= What is expected =
Your answer must be the full listing below, repeated exactly, with no pictures in it.

= Data extract =
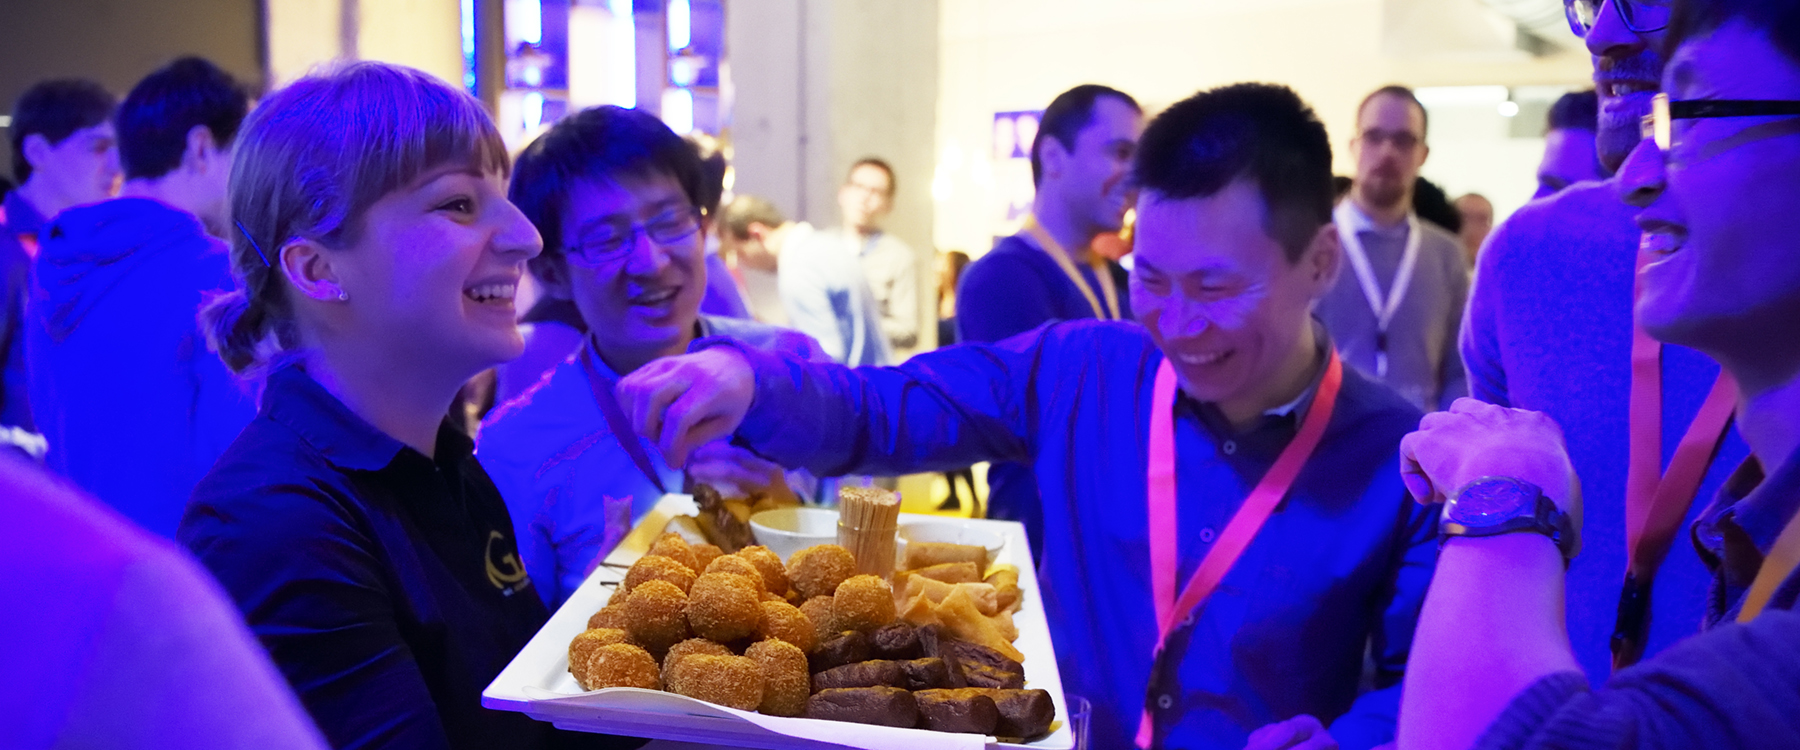 Chinese afgestudeerde studenten aan de bitterballen, tijdens een event van het Nederlandse ict-bedrijf ASML om kandidaten te interesseren voor een baan. | Foto: Bart van Overbeeke | Hollands Hoogte, 2017 
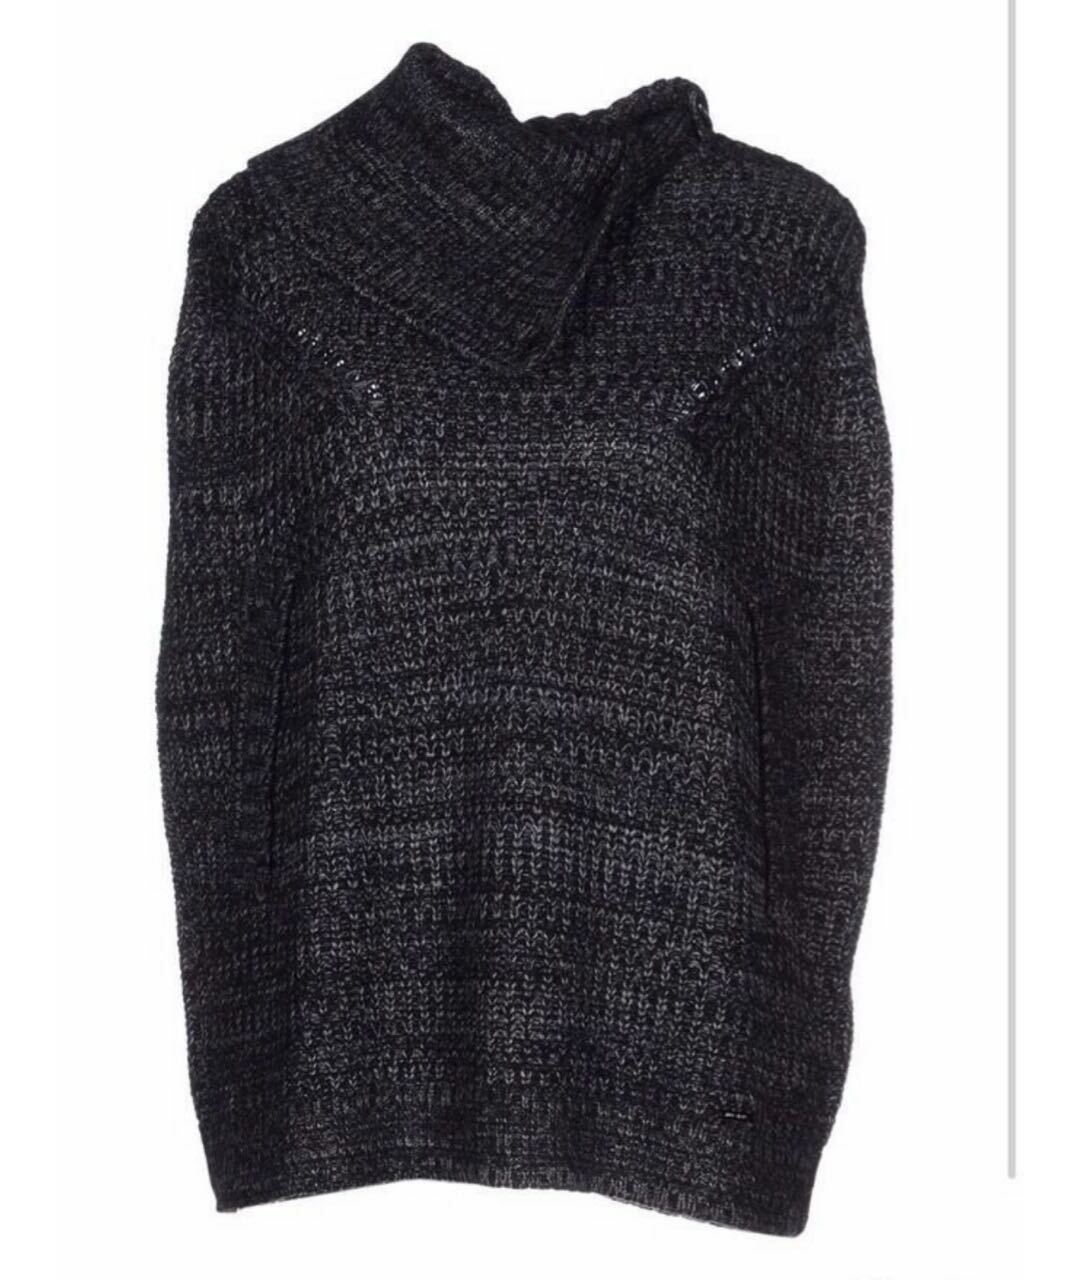 LIU JO Антрацитовый шерстяной джемпер / свитер, фото 1
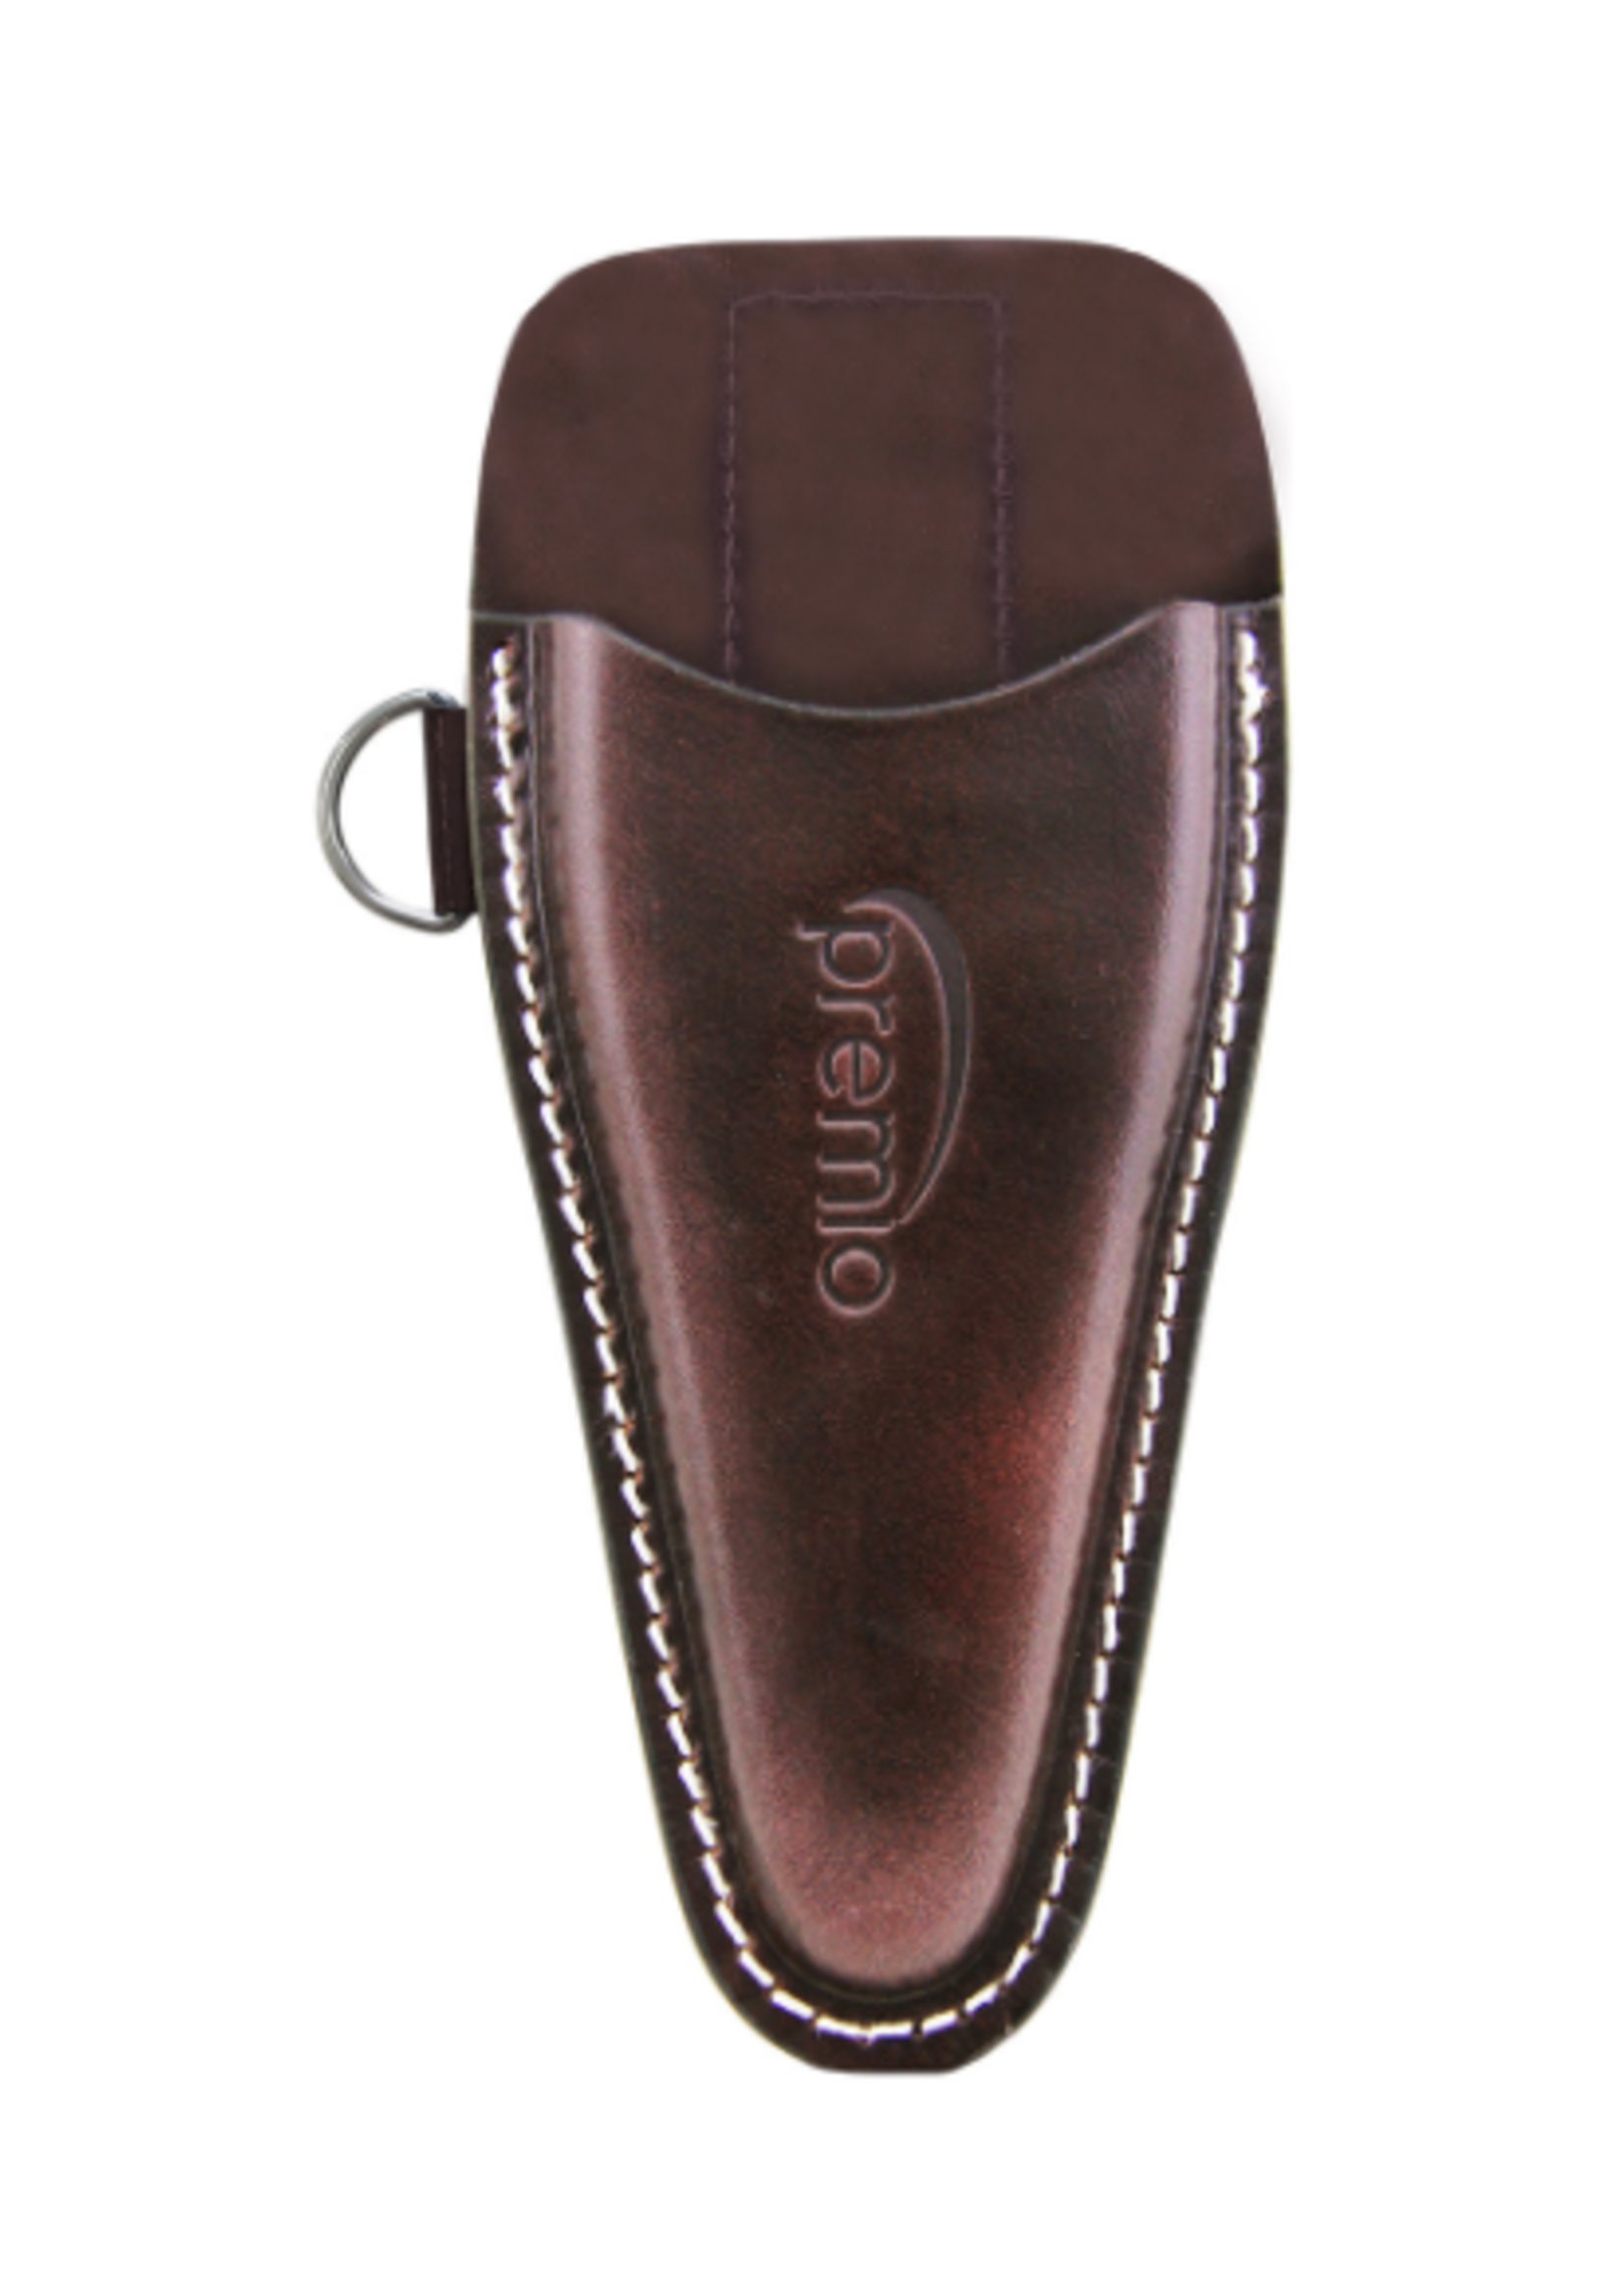 Danco Premio Leather Sheath 7.5" - Brown

= Your response =
 Chinese afgestudeerde studenten aan de bitterballen, tijdens een event van het Nederlandse ict-bedrijf ASML om kandidaten te interesseren voor een baan. | Foto: Bart van Overbeeke | Hollands Hoogte, 2017 
 LIU JO Антрацитовый шерстяной джемпер / свитер, фото 1
 Danco Premio Leather Sheath 7.5" - Brown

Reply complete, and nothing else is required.